After installing, the `imdbx` command is available system-wide:

```bash
imdbx tt7441658                     # Black Clover, all seasons
imdbx tt0903747                     # Breaking Bad
imdbx tt7441658 --seasons 1 2       # specific seasons only
imdbx tt7441658 --output out.json   # save results to a JSON file
imdbx tt7441658 --download-images   # also download cover art to ./images/
imdbx tt7441658 --images-dir ~/pics # download cover art to a custom directory
imdbx tt7441658 --meta-only         # series metadata only — no browser needed
imdbx --load out.json               # display a previously saved JSON file
imdbx tt7441658 --pool-size 8       # increase concurrency for faster scraping
imdbx tt7441658 --debug             # verbose output: HTTP, browser events, timing
```

### `--test` — testing mode

```bash
# Run the full offline unit-test suite (no network required)
imdbx --test

# Live end-to-end smoke test — fetches real data and checks key fields
imdbx --test tt7441658
imdbx --test tt0903747
```

`--test` alone runs `pytest` on the bundled test suite and exits with pytest's return code (0 = all passed). Requires `pip install "IMDBx[dev]"`.
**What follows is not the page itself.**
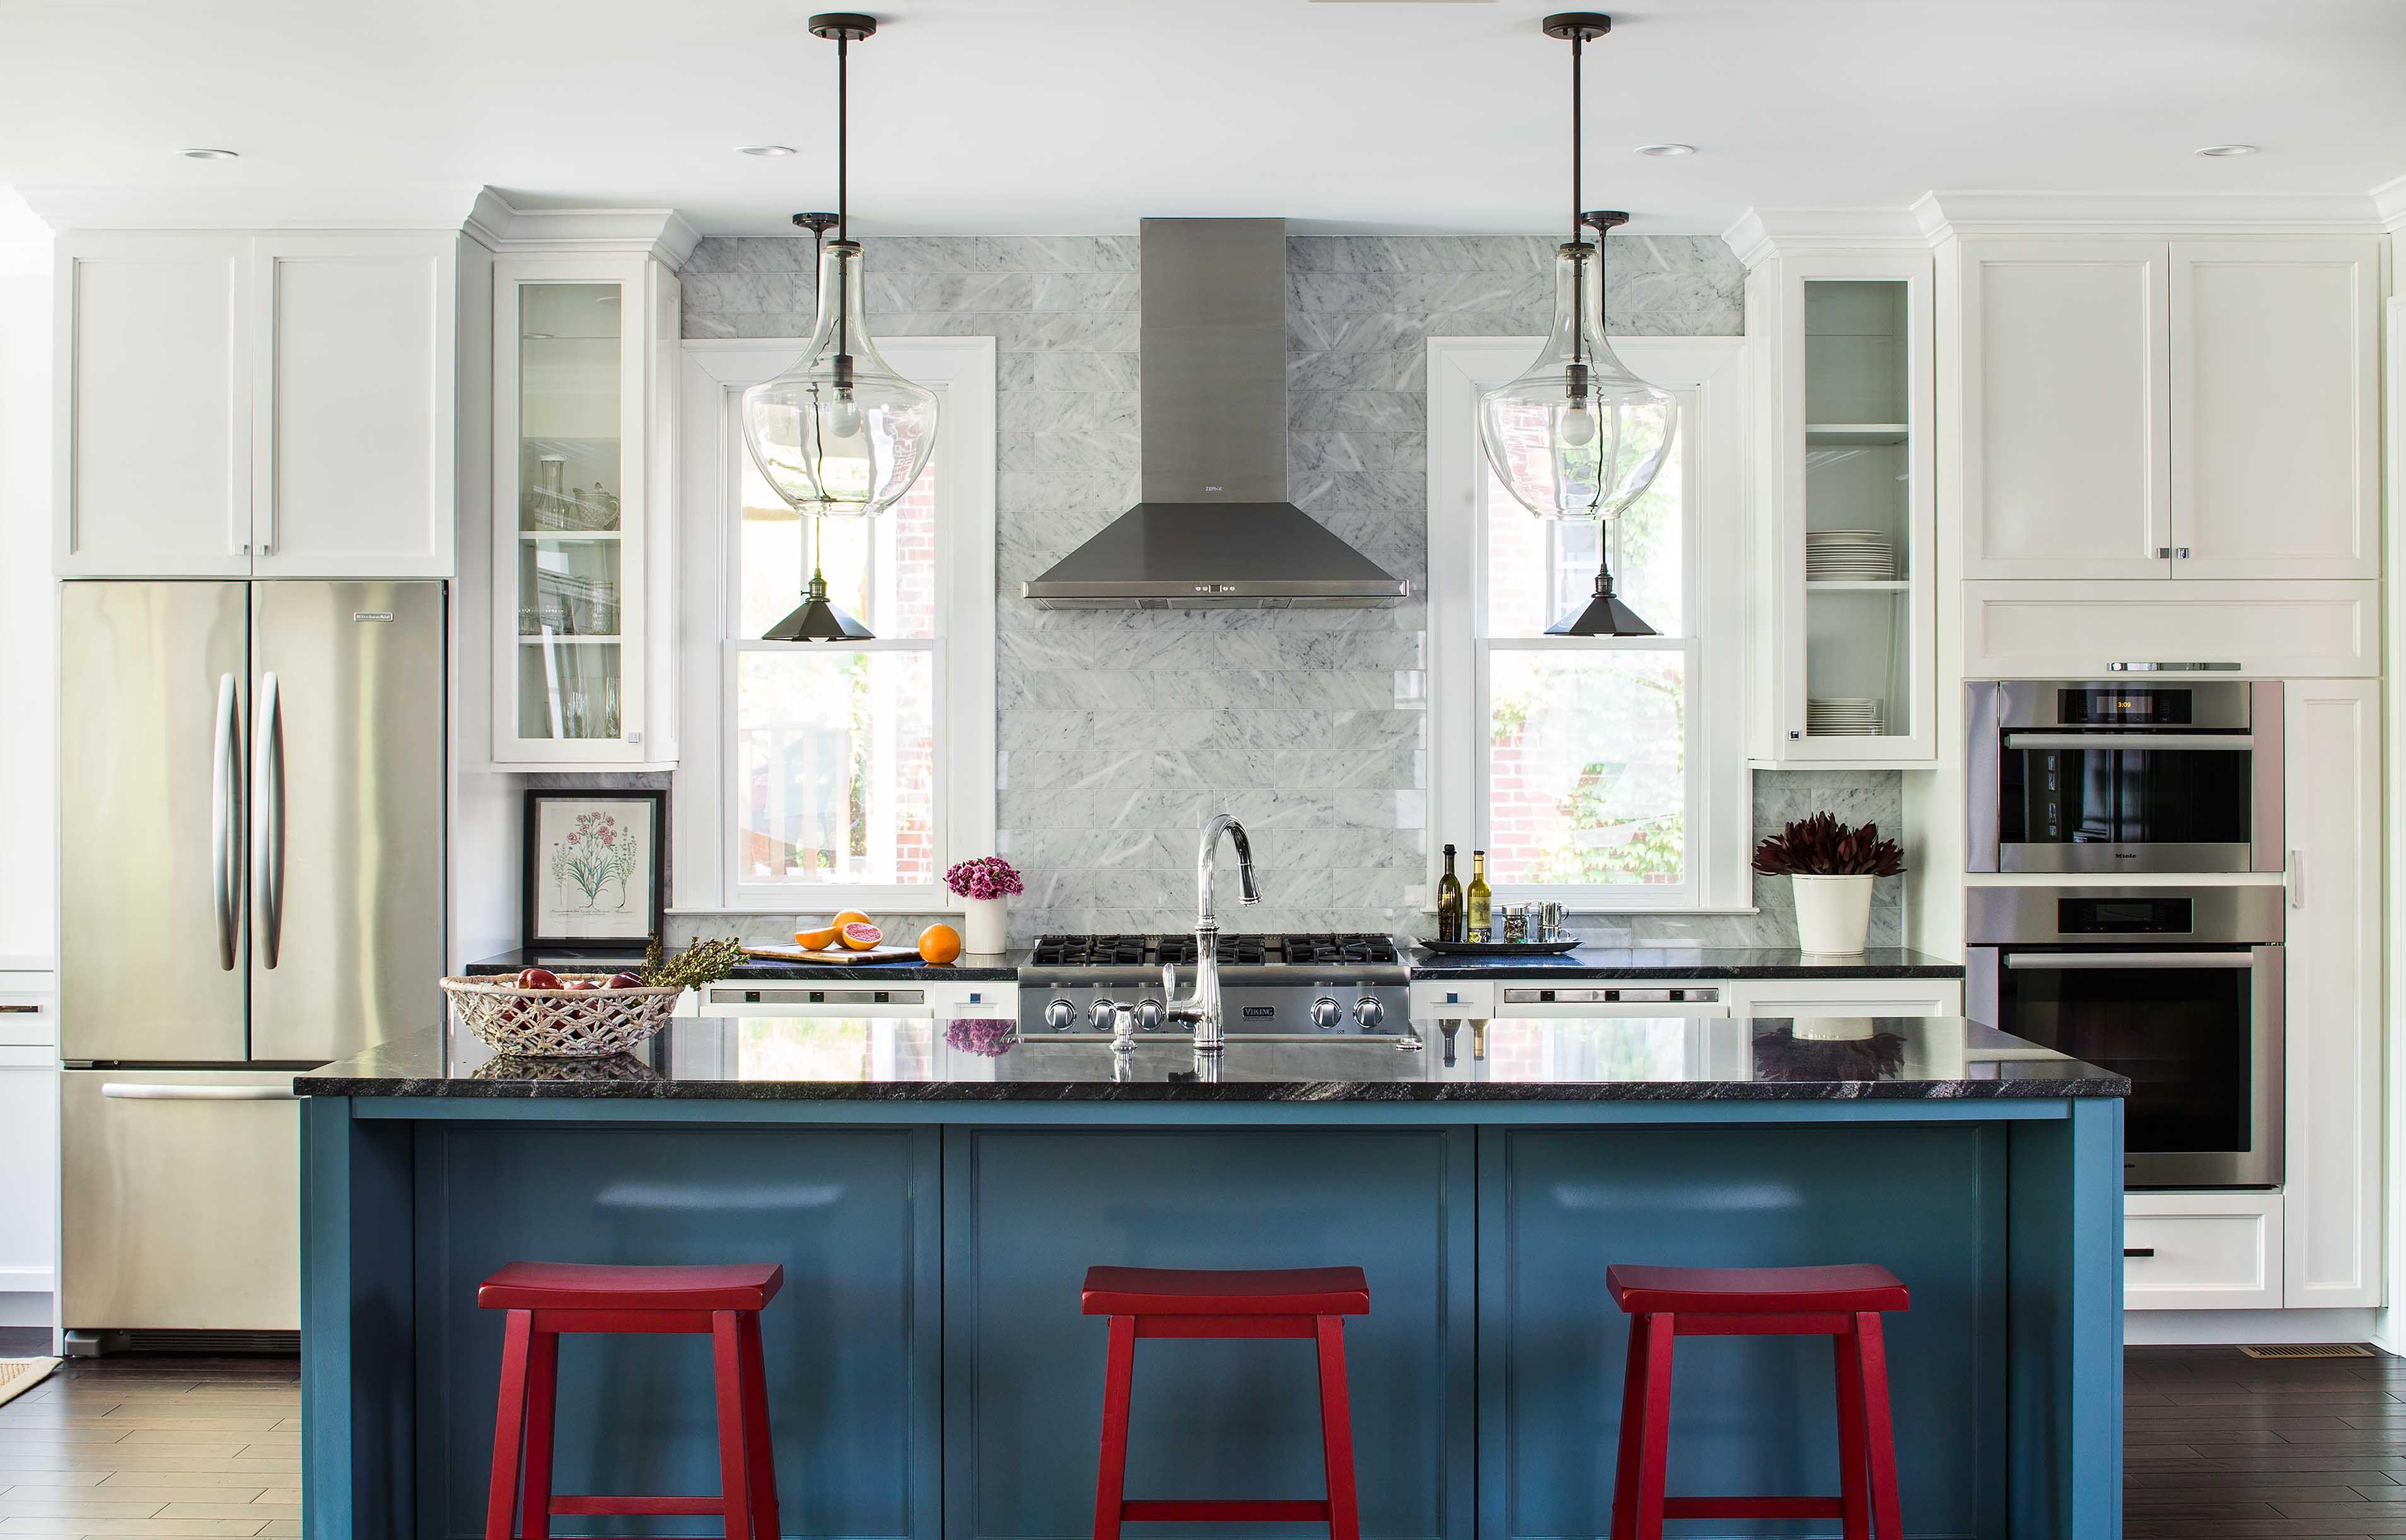 Cocina blanca con gabinetes azules y tres taburetes rojos

`--test <TITLE_ID>` hits the real IMDBx API, verifies that metadata and episode data are populated correctly, and prints a coloured ✓/✗ summary. Requires a network connection and Playwright/Chromium.

---

## Architecture

```
imdbx/
├── __init__.py     ← public API  (title, season, episode, metadata, load)
├── models.py       ← dataclasses (TitleInfo, SeriesMetadata, Episode)
├── cli.py          ← imdbx command — all flags with full help text
├── _scraper.py     ← orchestration: coordinates HTTP + browser + images
├── _http.py        ← niquests connection pool + async image downloader
├── _browser.py     ← Playwright pool + "Show more" expansion detection
├── _parse.py       ← BeautifulSoup parsers (zero hardcoded class names)
├── _display.py     ← terminal colour output
└── _log.py         ← shared ANSI colour helpers + debug flag
tests/
├── test_models_episode_dataclass.py   ← Episode field and repr tests
├── test_models_series_title_info.py   ← TitleInfo + save/load round-trip
├── test_parse_episode_cards.py        ← HTML → Episode parsing
├── test_parse_series_metadata.py      ← HTML → SeriesMetadata parsing
└── test_http_session_and_load.py      ← HTTP session and JSON load tests
```

Three-layer hybrid approach:

- **Layer 1** (niquests): lightweight HTTP for metadata, season counts, and image downloads
- **Layer 2** (Playwright): headless Chromium for JS-rendered episode pages with "Show more" expansion
- **Layer 3** (async): concurrent cover-image fetching via `niquests.AsyncSession`

---

## Running tests

Tests require a source checkout:

```bash
git clone https://github.com/ENC4YP7ED/IMDBx
cd IMDBx
pip install -e ".[dev]"

# Via pytest directly
pytest

# Via the CLI — same result
imdbx --test

# Live smoke test against a real title (network + Chromium required)
imdbx --test tt7441658
```

---

## Contributing

1. Fork the repository
2. Create a feature branch: `git checkout -b feat/my-change`
3. Install dev dependencies: `pip install -e ".[dev]"`
4. Make your changes and add tests
5. Verify everything passes: `imdbx --test`
6. Open a pull request

---

## License

MIT — see [LICENSE](LICENSE) for details.